4 minute read
road trip
It’s an undervalued pleasure these days
It was at about the 3,000-mile point of our 4,100-mile driving journey that our 17-year-old son saw the beat-up little sign: “Hopalong Cassidy Museum” with an arrow pointing straight ahead.
He started laughing, thinking it was another one of the museum oddities we had been keeping track of throughout our trip across 19 states in the Midwest and East, along with the District of Columbia.
We had already chuckled about signs along the road promoting the “Action Figure Museum” and the “National Motorcycle Museum,” among plenty of others. So when I turned the wheel toward Hopalong’s museum, he looked disgusted.
“We’re not actually going to see this, are we?”
“C’mon,” I said. “Hopalong was a real TV cowboy. Let’s do it.”

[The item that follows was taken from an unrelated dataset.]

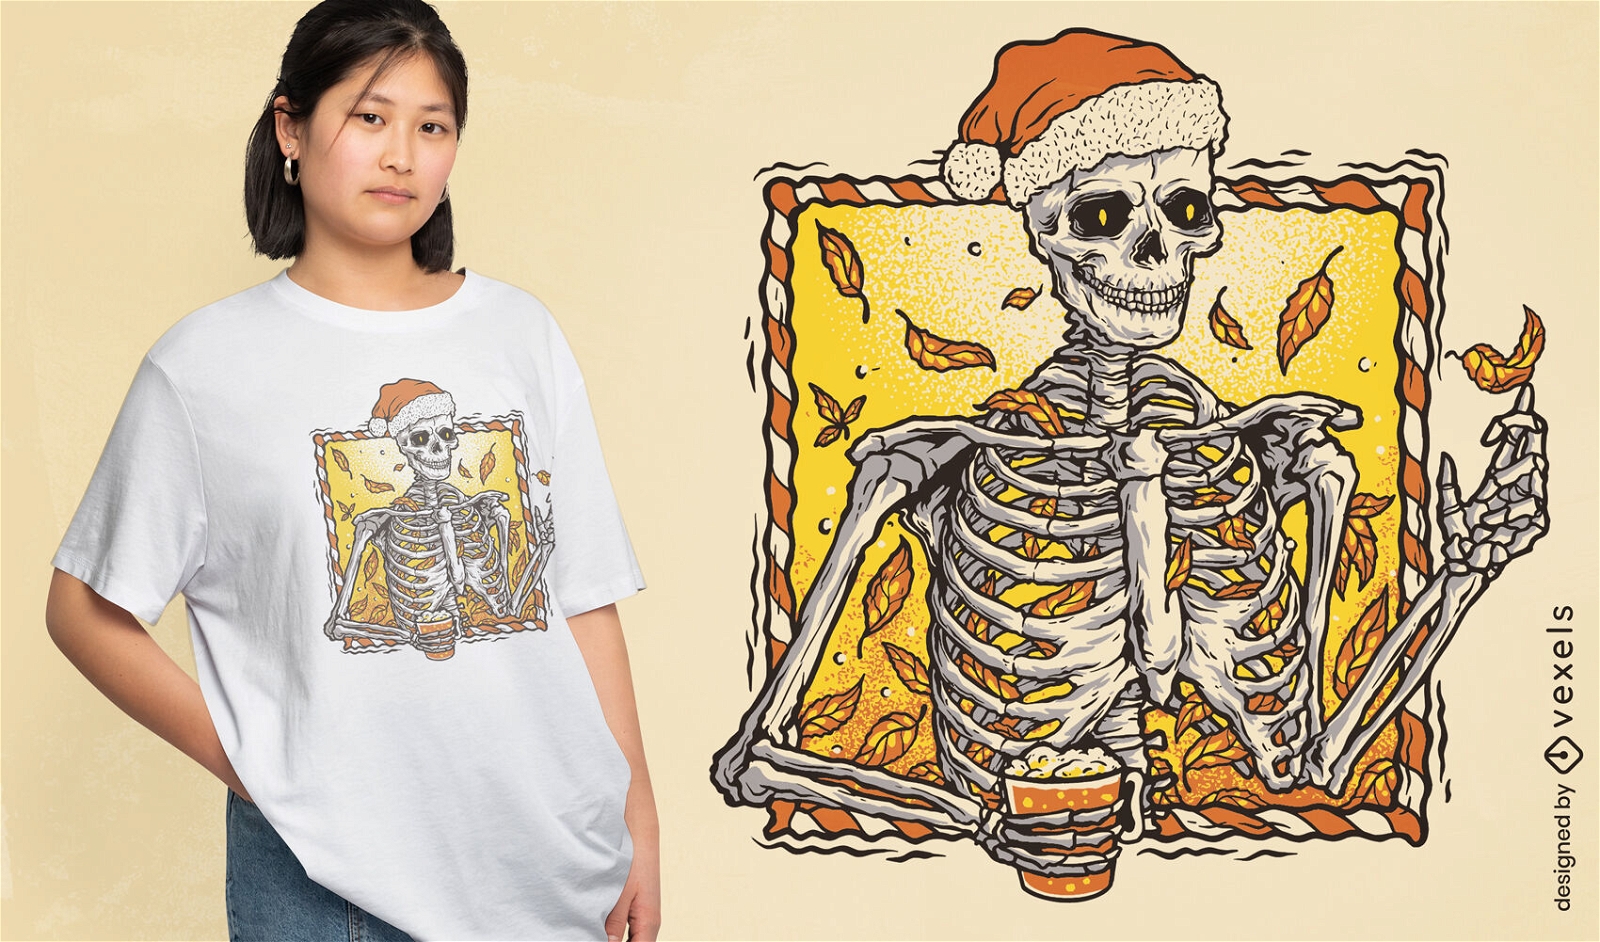 Dise?o de camiseta de oto?o esqueleto navide?o.

We were already off the road to refuel the car, and it was a rare day on the two-week trip that we weren’t on deadline to be somewhere.
So we drove around the tiny Ohio town, eventually finding the combination museum and antique shop in a building with tightly and sloppily boarded windows.
That’s the kind of trip we were on, just the two of us, a father-son get-away: part college sleuthing, part baseball watching and part meandering aimlessly.
Being the two least-talkative members of our family, there was plenty of time on the trip to let our minds wander, something difficult to do during hurry-up-and-wait airplane travel. Waiting in line, shuffling through security, waiting in line, jamming aboard the plane, then waiting in line again is tiring, and you don’t really see anything from point to point, unless you count floating high above the clouds as “scenic.”
A driving trip, though, has its own cadence. You control the pace — interstate or backwater roads and you control the stops. You can visit as many or as few McDonald’s as you want. You can compare notes on the stages of public bathroom cleanliness, going all the way from generally disgusting to downright appalling.
And as for scenic: On an endless stretch of highway, you can watch the sky kiss the land up ahead as fluffy clouds float by almost at eye level, something impossible to ponder in a city jammed tight with buildings and lights and smog.
On the monotonous road, cracks in the highway thundering rhythmically beneath the car, the mind wanders to all sorts of interesting places, many of which have nothing to do with the trip at hand.
As for Hopalong and his museum, despite my son’s complaints, we parked and walked toward the door, my son visibly slowing behind me as we approached the Promised Land. Then he smiled when he saw the sign on the door: “Closed until next week.” And he jostled me about missing that opportunity for hours and hours and hours. That’s the ultimate beauty of a driving trip. Gas is still expensive. Driving still takes more time and effort than many other ways to get from here to there.
But there’s something to be said for taking a little extra time to get both somewhere and nowhere simultaneously these days.